Whenever a line of the material contains the string "leather", it should be copied.

Records to process:

+ + + + +

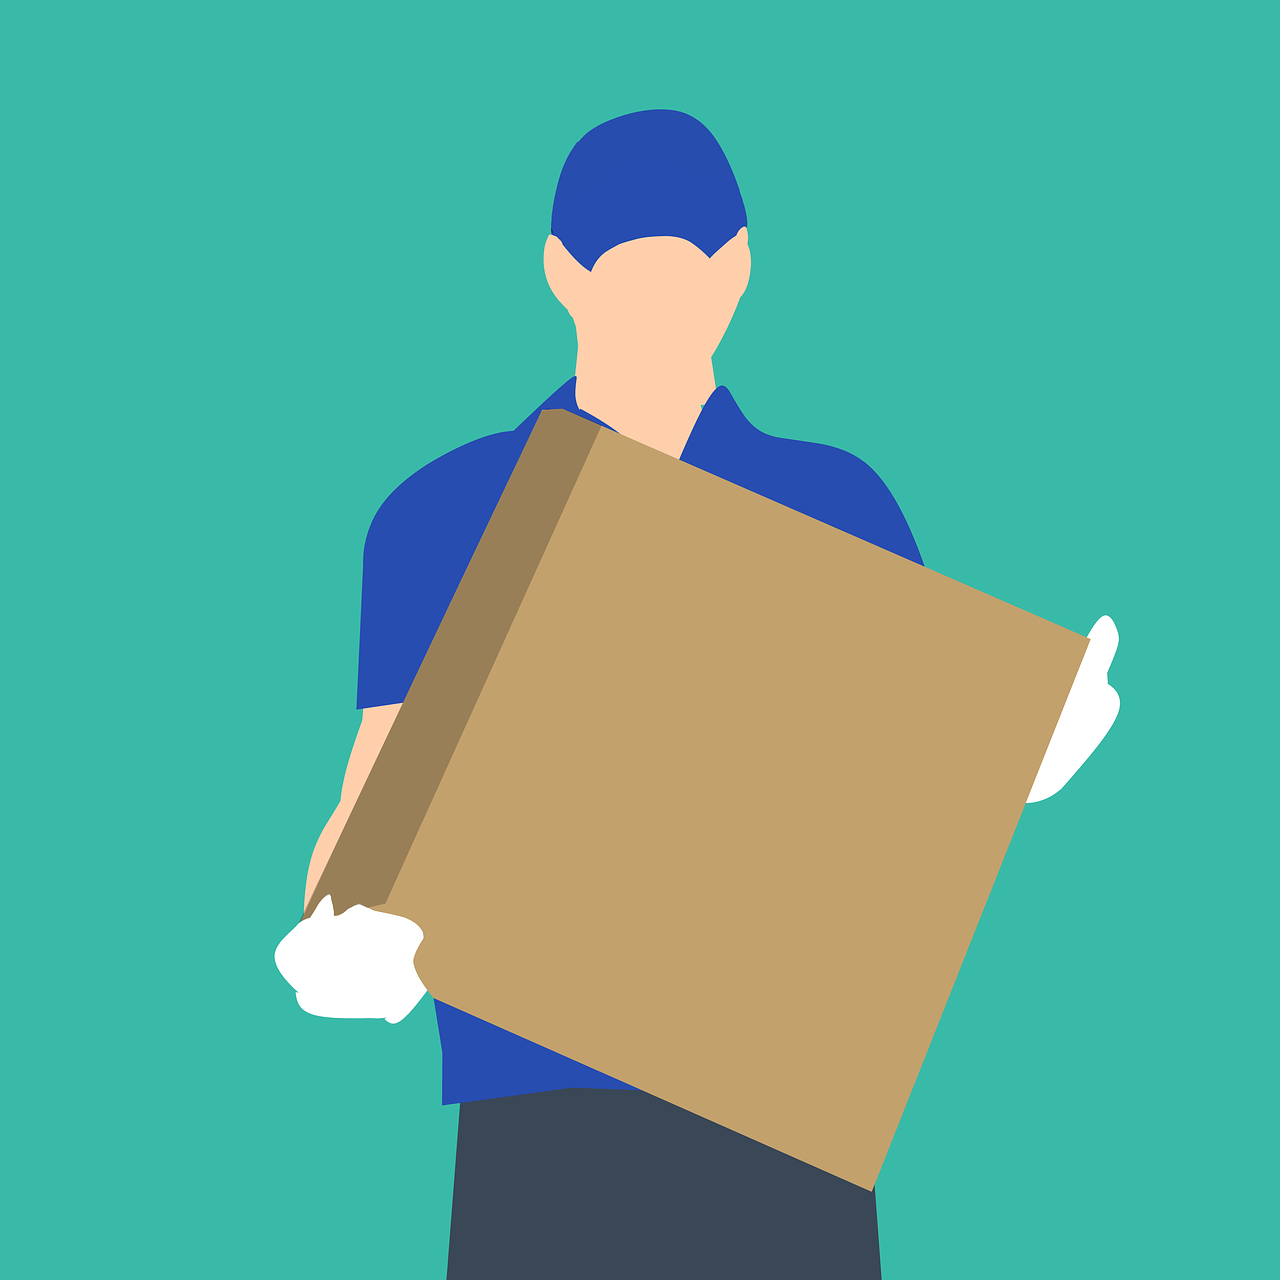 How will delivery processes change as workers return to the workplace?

+ + + + +

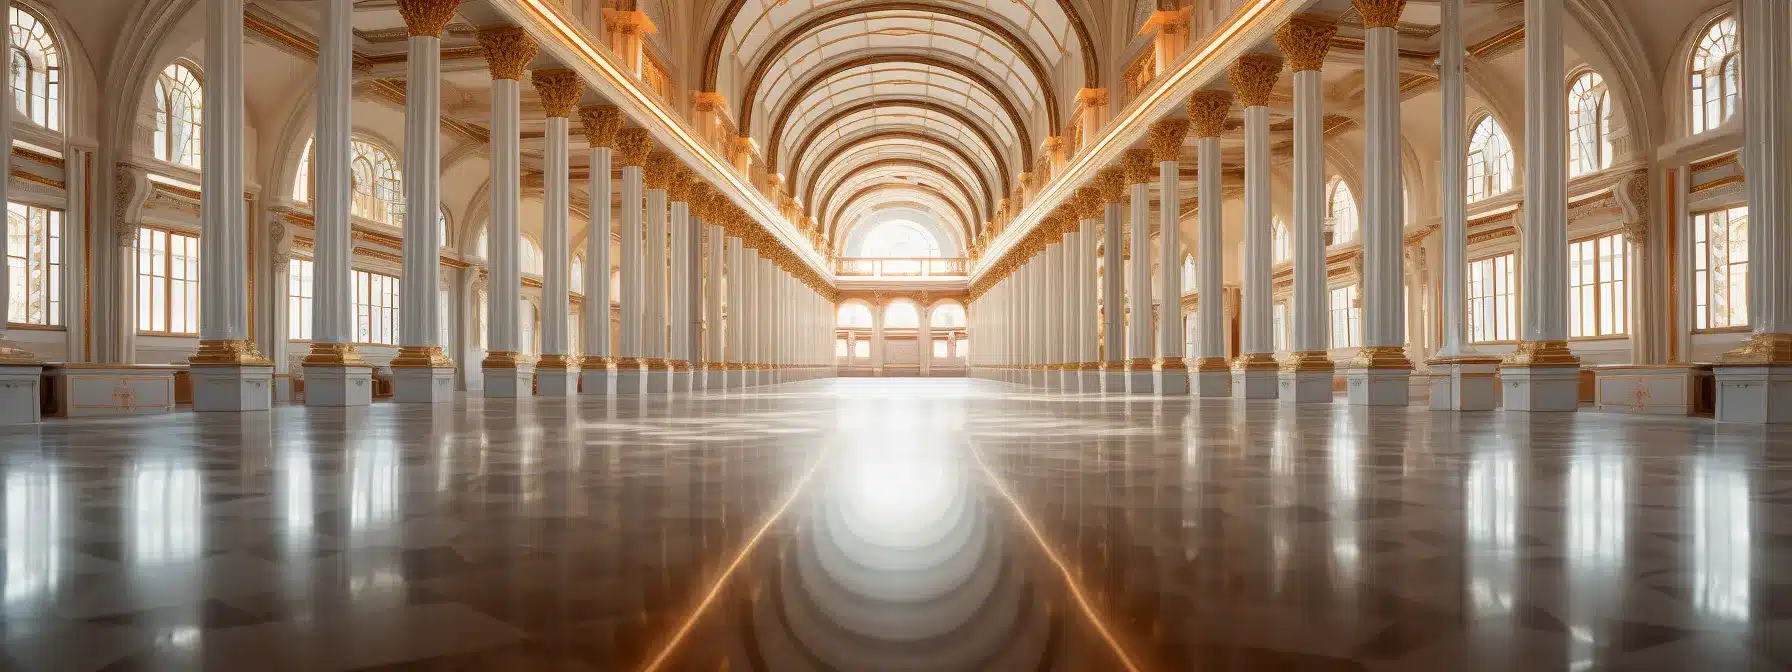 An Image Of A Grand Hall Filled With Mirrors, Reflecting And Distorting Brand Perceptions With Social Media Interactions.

+ + + + +

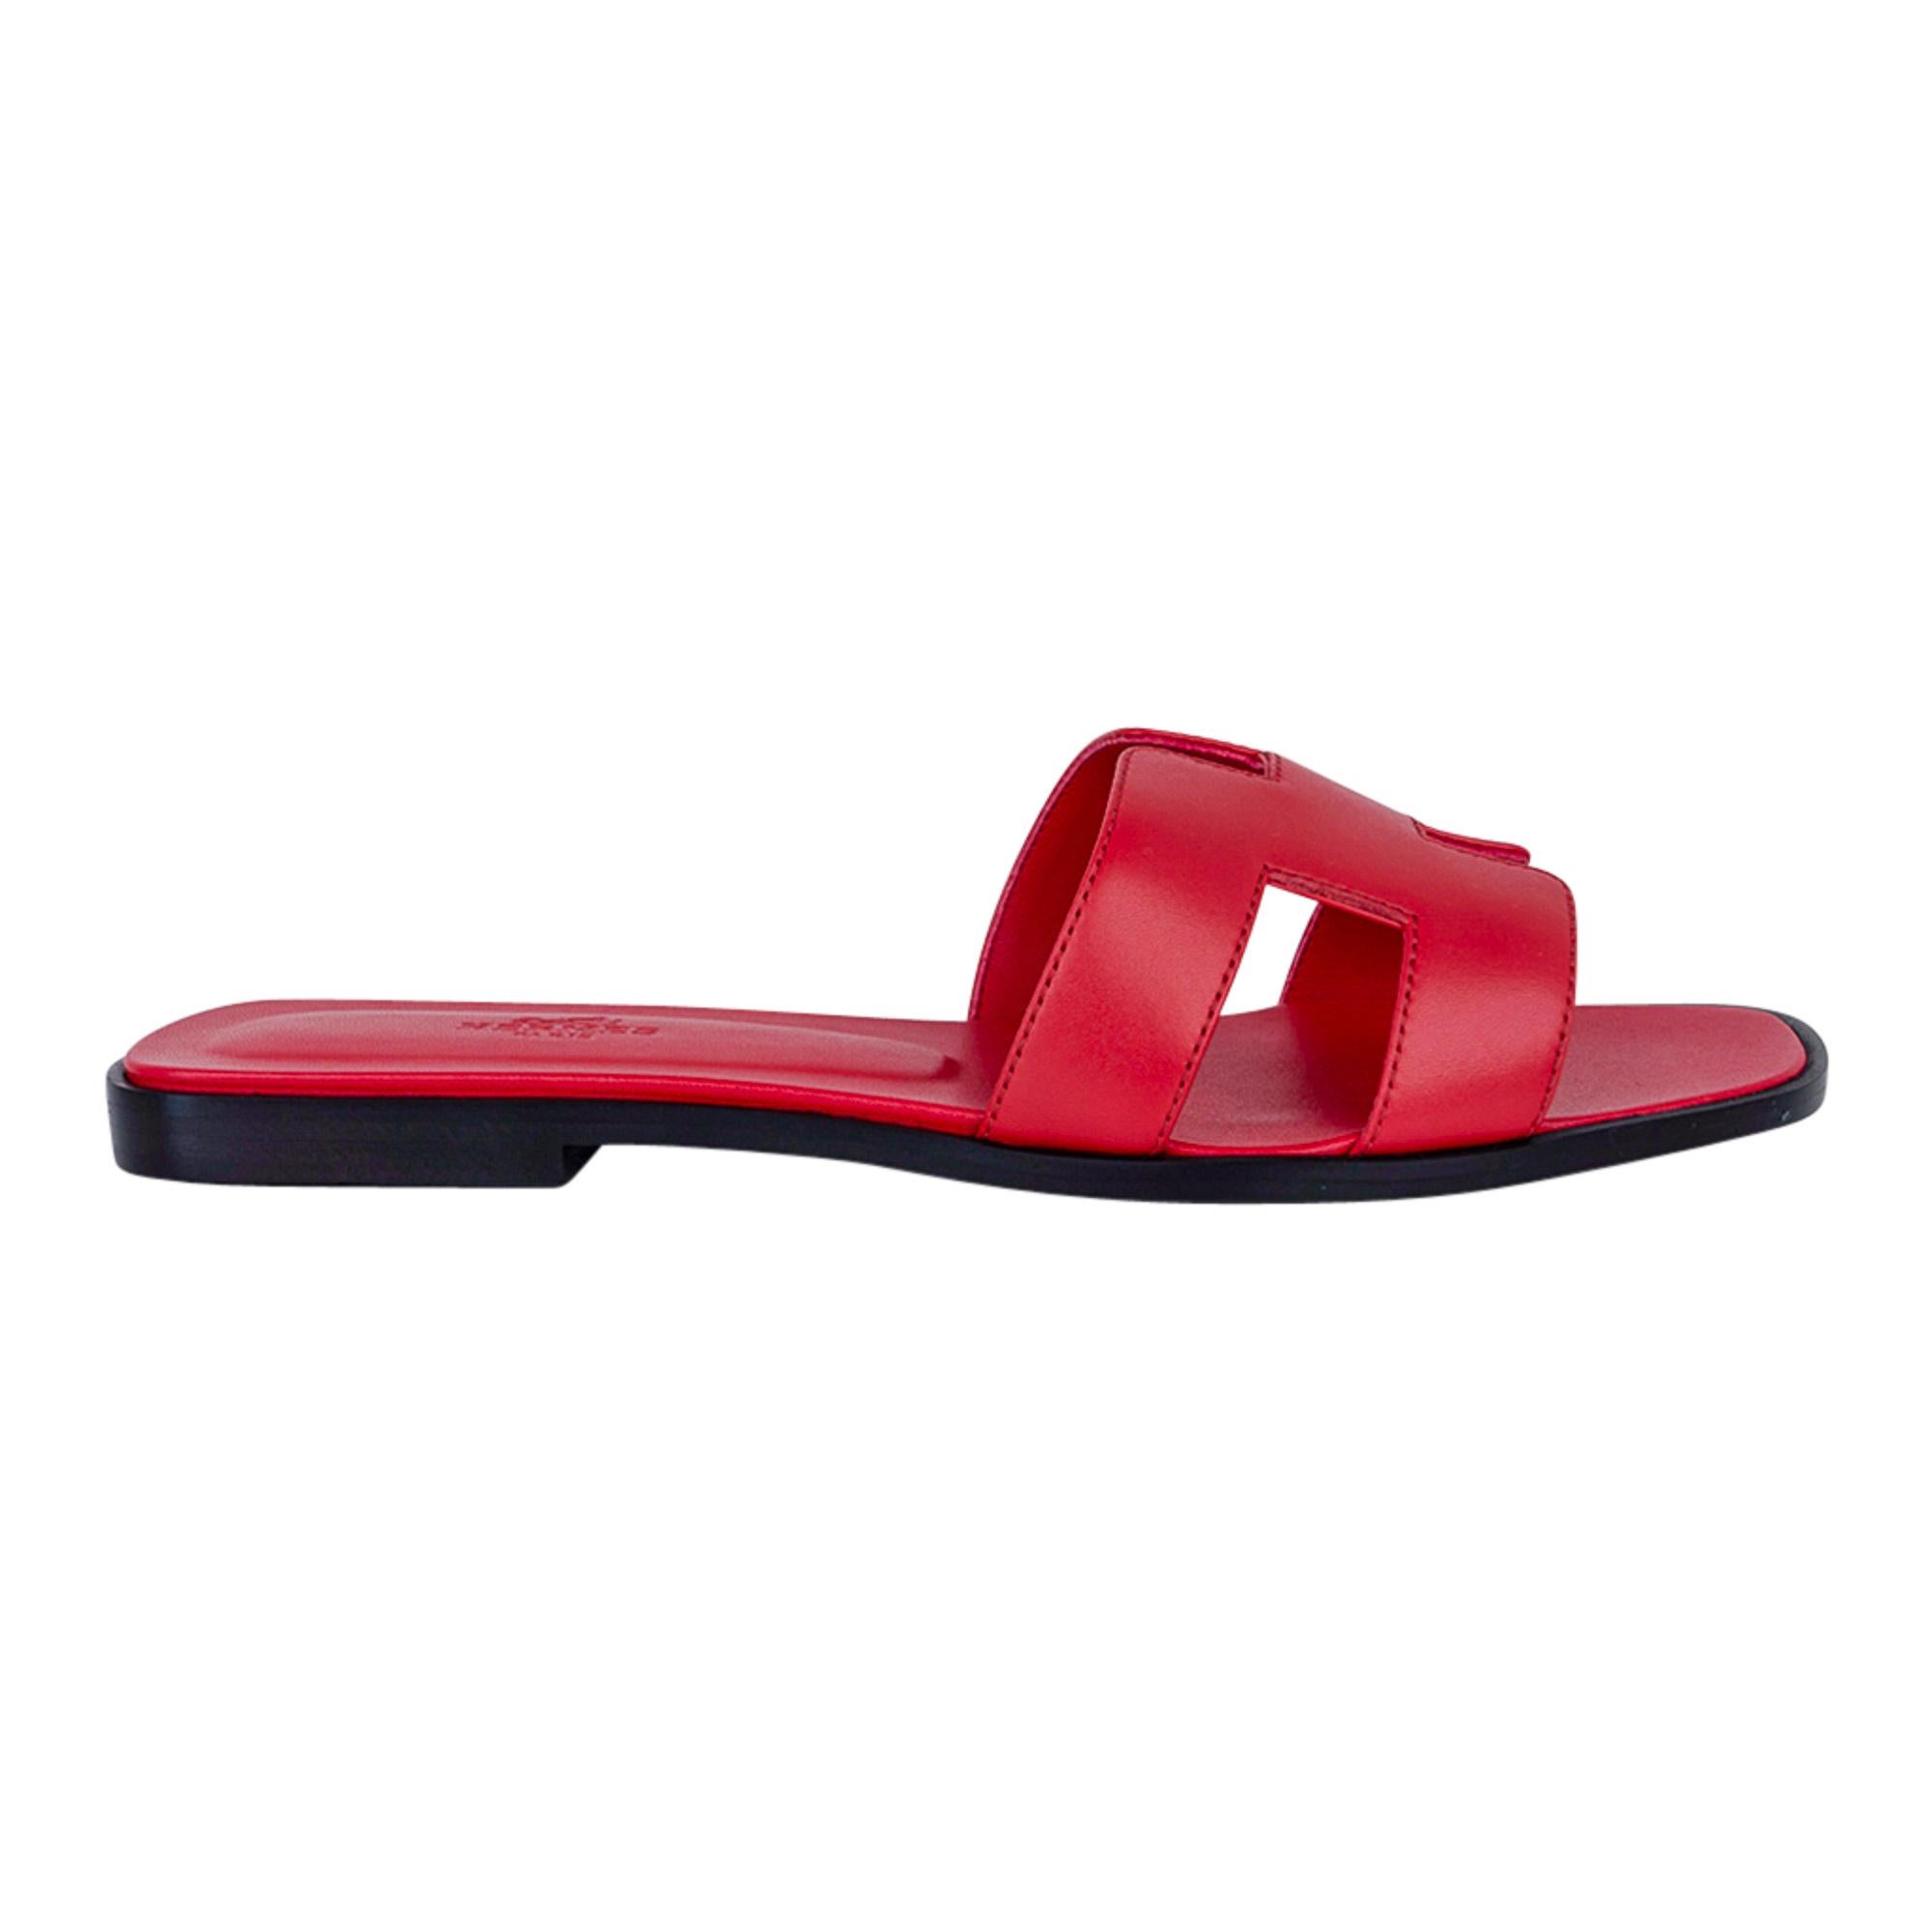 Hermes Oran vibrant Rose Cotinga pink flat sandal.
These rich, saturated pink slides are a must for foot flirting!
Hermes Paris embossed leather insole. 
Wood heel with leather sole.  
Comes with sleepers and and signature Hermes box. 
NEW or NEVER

+ + + + +

Written answer:
Hermes Paris embossed leather insole. 
Wood heel with leather sole.  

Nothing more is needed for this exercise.